2.1.2 Fragmentation -- Another spatial characteristic of a change in vegetation cover is fragmentation. Fragmentation refers to the continuity of areas that are being changed relative to unchanged areas. A highly fragmented area is one where the landscape has been converted to a patchwork of different cover types with no large contiguous parcels of the original vegetation cover remaining (see Figure 7.02). The degree of fragmentation can greatly affect the biodiversity of an area by severing dispersal corridors; disturbing the continuity of nest sites, hunting and mating; increasing predation and gradients of physical/environmental conditions by increasing the relative amount of perimeter around a habitat; and/or by reducing the habitat areas below the minimum required to maintain viable populations.

Many studies have documented the negative effect of habitat fragmentation on biological richness (species abundance) and diversity. One of the more dramatic examples is the decline in neotropical migratory birds as a result of habitat fragmentation in their tropical winter nesting and foraging sites. Other documented cases of biodiversity decline associated with habitat fragmentation include grizzly bears in Montana, mountain lions in New Mexico and California, and spotted owls in Oregon and Washington.

2.2 Temporal Characteristics

Two questions dealing with the timing of change detection analysis must be addressed: first the optimum seasonal time to observe an area, and secondly the frequency at which dynamics should be monitored.

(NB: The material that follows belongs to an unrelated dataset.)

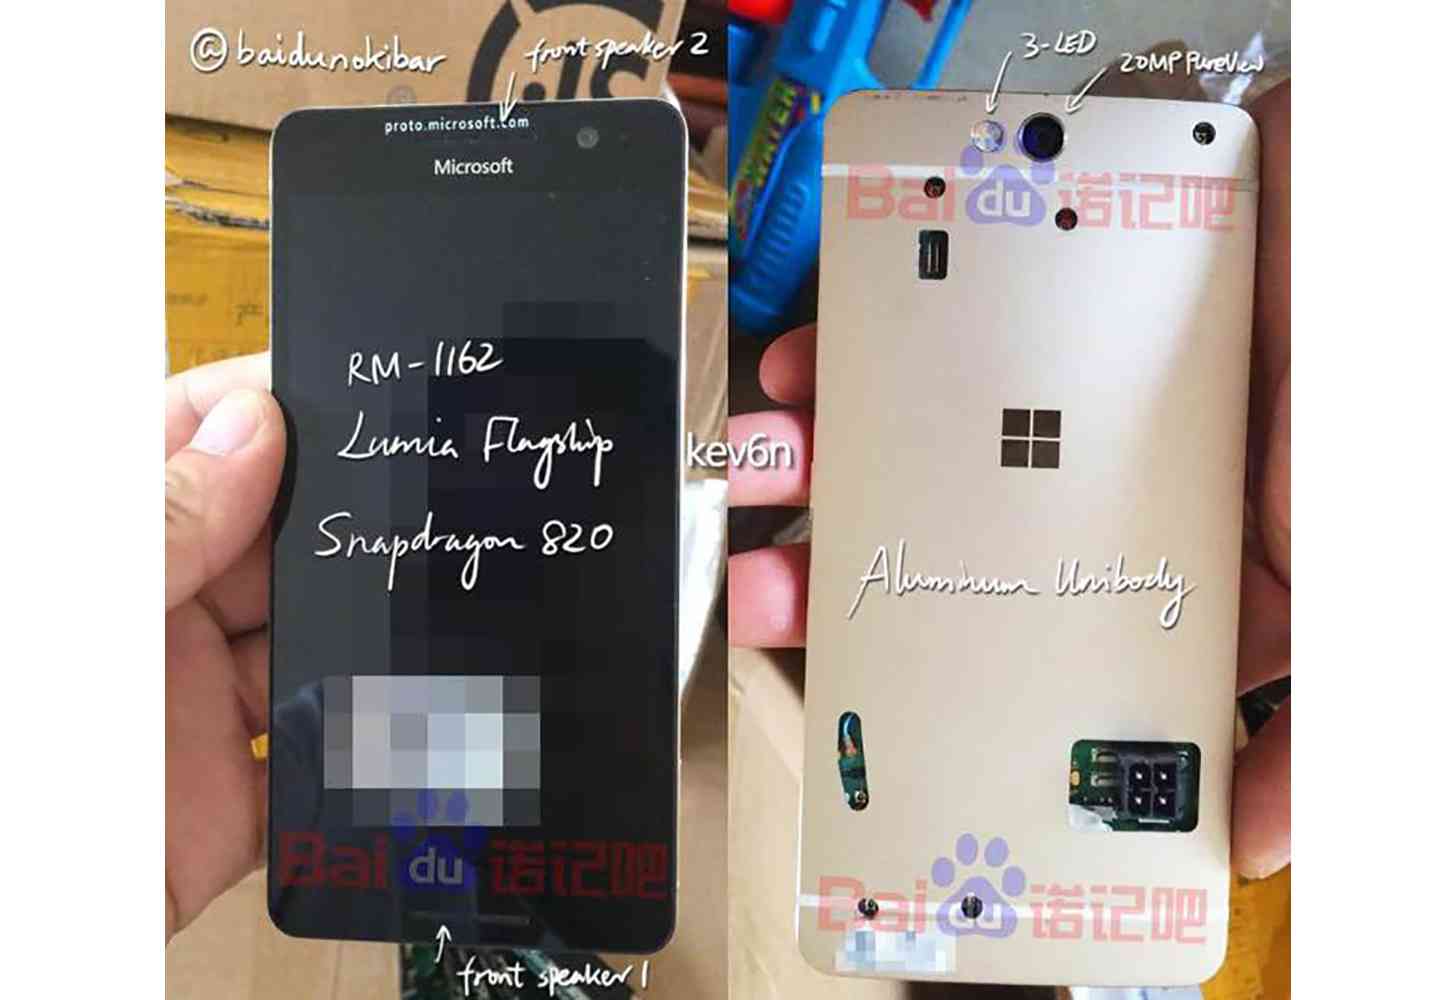 Microsoft Lumia 960 Northstar photos leak
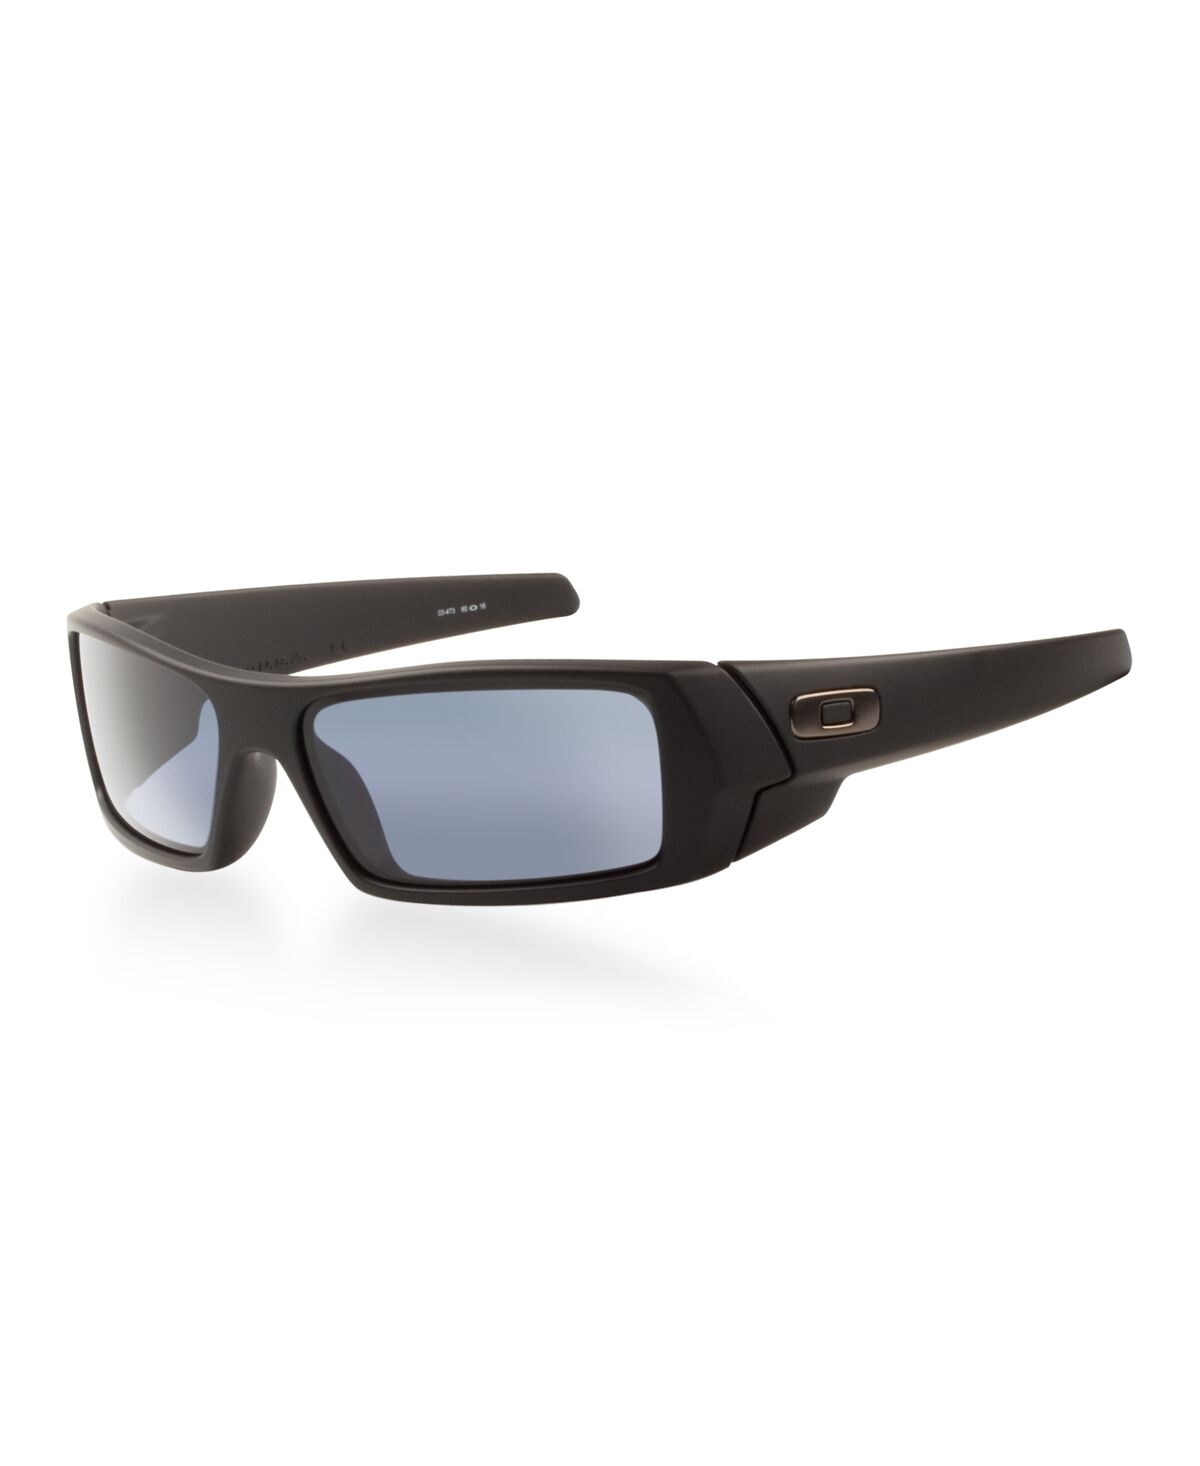 Oakley Gascan Sunglasses, OO9014 - Black/Grey

2.2.1 Resolution and scale -- Temporal resolution in remote sensing refers to the observation frequency, that is, the number of observations per unit time. The optimum temporal resolution is usually determined by the expected rate of vegetation change. For instance, if an area is uninhabited, the frequency for data acquisition could be very low since changes in land use most likely would occur at a slow rate. However, if a road has recently reached a previously remote area and settlers are moving in along the fringes, a more frequent acquisition rate would be needed to keep pace with the rate of change. To monitor the effects of an insect attack on a particular crop, image acquisitions would probably require a high (frequent) temporal resolution (perhaps weekly) since changes in vegetation condition may occur quickly.

It is important to select imagery that meets or exceeds the temporal resolution needed by the occurrence being monitored. First, the platform carrying the sensor must be capable of observing the area of interest at the desired frequency and for a sufficient period of record. This can pose a problem with some satellite platforms due to their minimal repeat interval of two weeks or more. The weather of an area also plays an important role if passive sensors are being utilized, because a locale experiencing frequent cloud cover may be difficult to image successfully at the required intervals. This is especially problematic for flood and storm studies, and other events that occur during particularly cloudy conditions.

2.2.2 Optimum time for observation -- For overall contrasts between cover types in the humid tropics, the optimum time is usually the dry season because of decreased cloud cover and the increased contrast between seasonal and nonseasonal vegetation. In temperate forests the optimum time might be after the deciduous trees have lost their leaves so it is easier to differentiate between evergreen and deciduous trees. In some instances, it may be desirable to acquire imagery at several times throughout the year to distinguish vegetation types that emerge early, senesce late, or have special flowering or leaf discoloration periods. To avoid confusion between similar land cover types that appear different in some seasons, it is usually best to compare multiyear imagery acquired during the same season.